■ To do ■
Below are records with pictures in them. Transcribe everything from the line containing "Adolf Hitler with" down to the line containing "Buyer catches eBay", exactly, and leave the pictures behind.

■ Entries shown ■
★ ★ ★ ★ ★
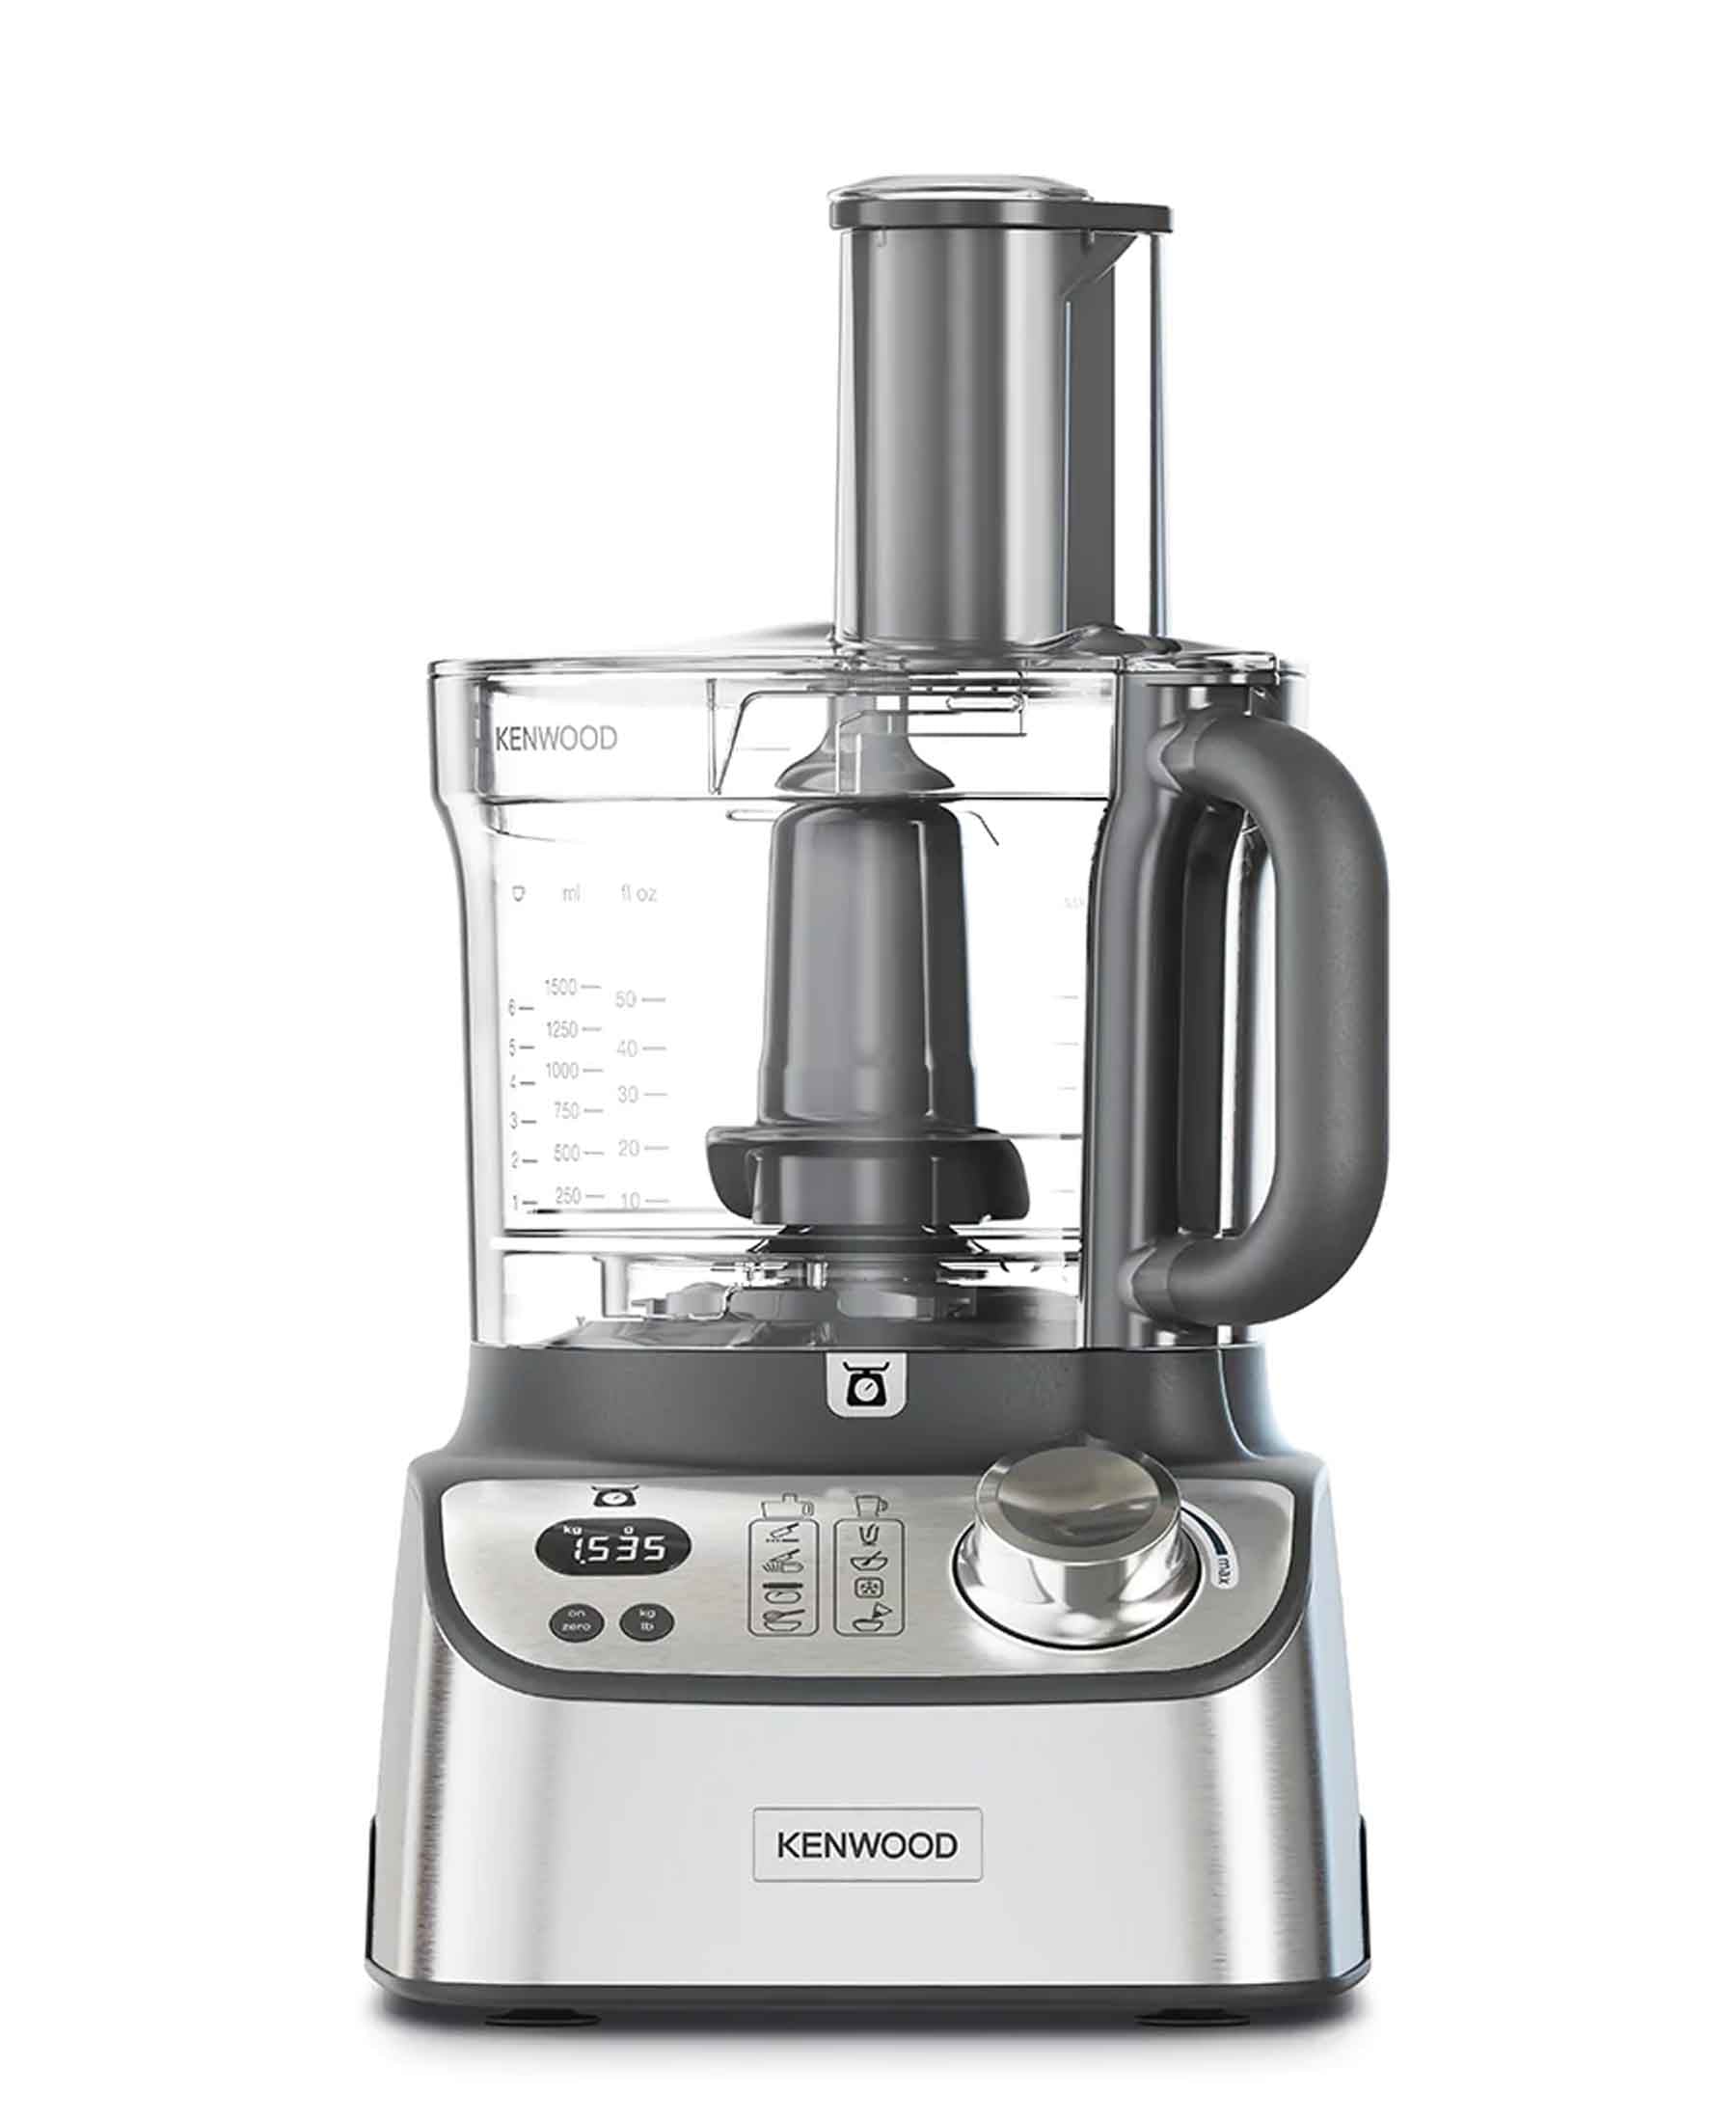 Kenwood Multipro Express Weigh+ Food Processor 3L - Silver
★ ★ ★ ★ ★
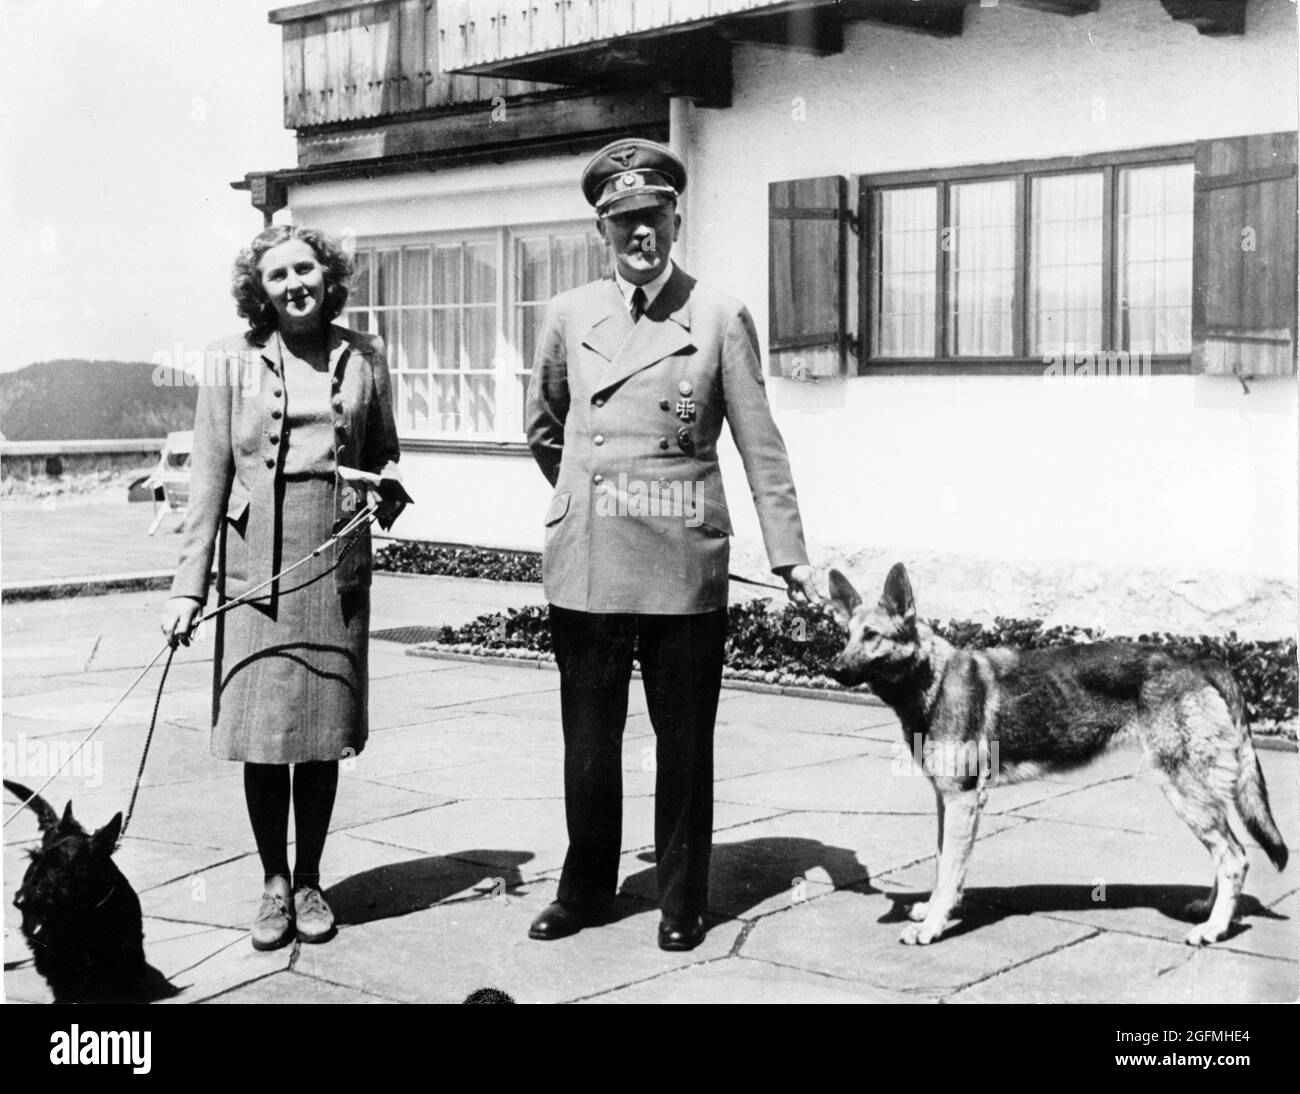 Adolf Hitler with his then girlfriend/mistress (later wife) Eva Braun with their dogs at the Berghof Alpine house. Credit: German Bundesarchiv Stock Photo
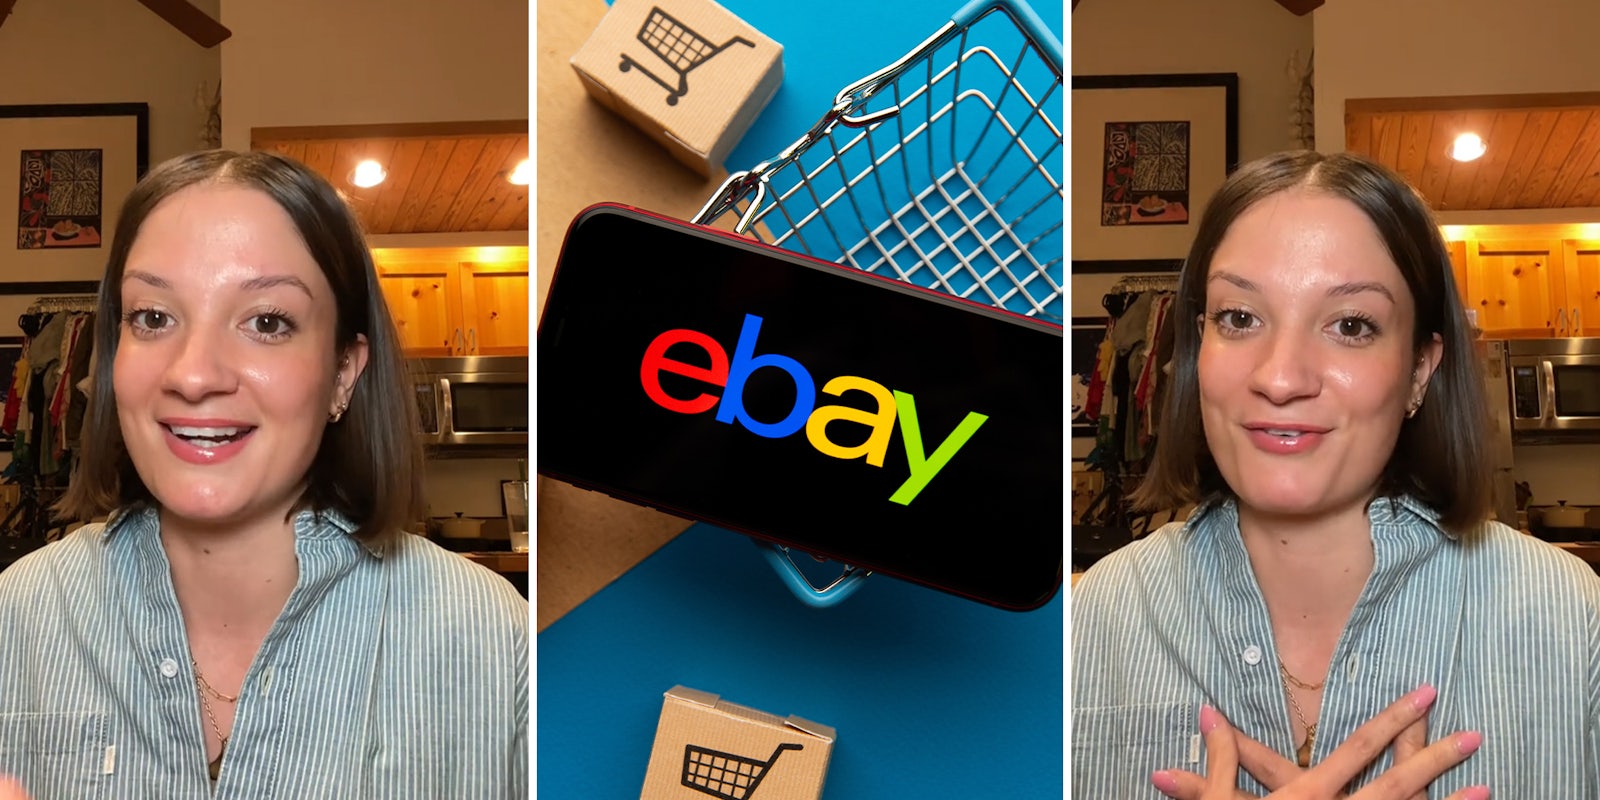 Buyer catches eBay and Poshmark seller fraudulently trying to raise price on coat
★ ★ ★ ★ ★
■ Task result ■
 Adolf Hitler with his then girlfriend/mistress (later wife) Eva Braun with their dogs at the Berghof Alpine house. Credit: German Bundesarchiv Stock Photo
 Buyer catches eBay and Poshmark seller fraudulently trying to raise price on coat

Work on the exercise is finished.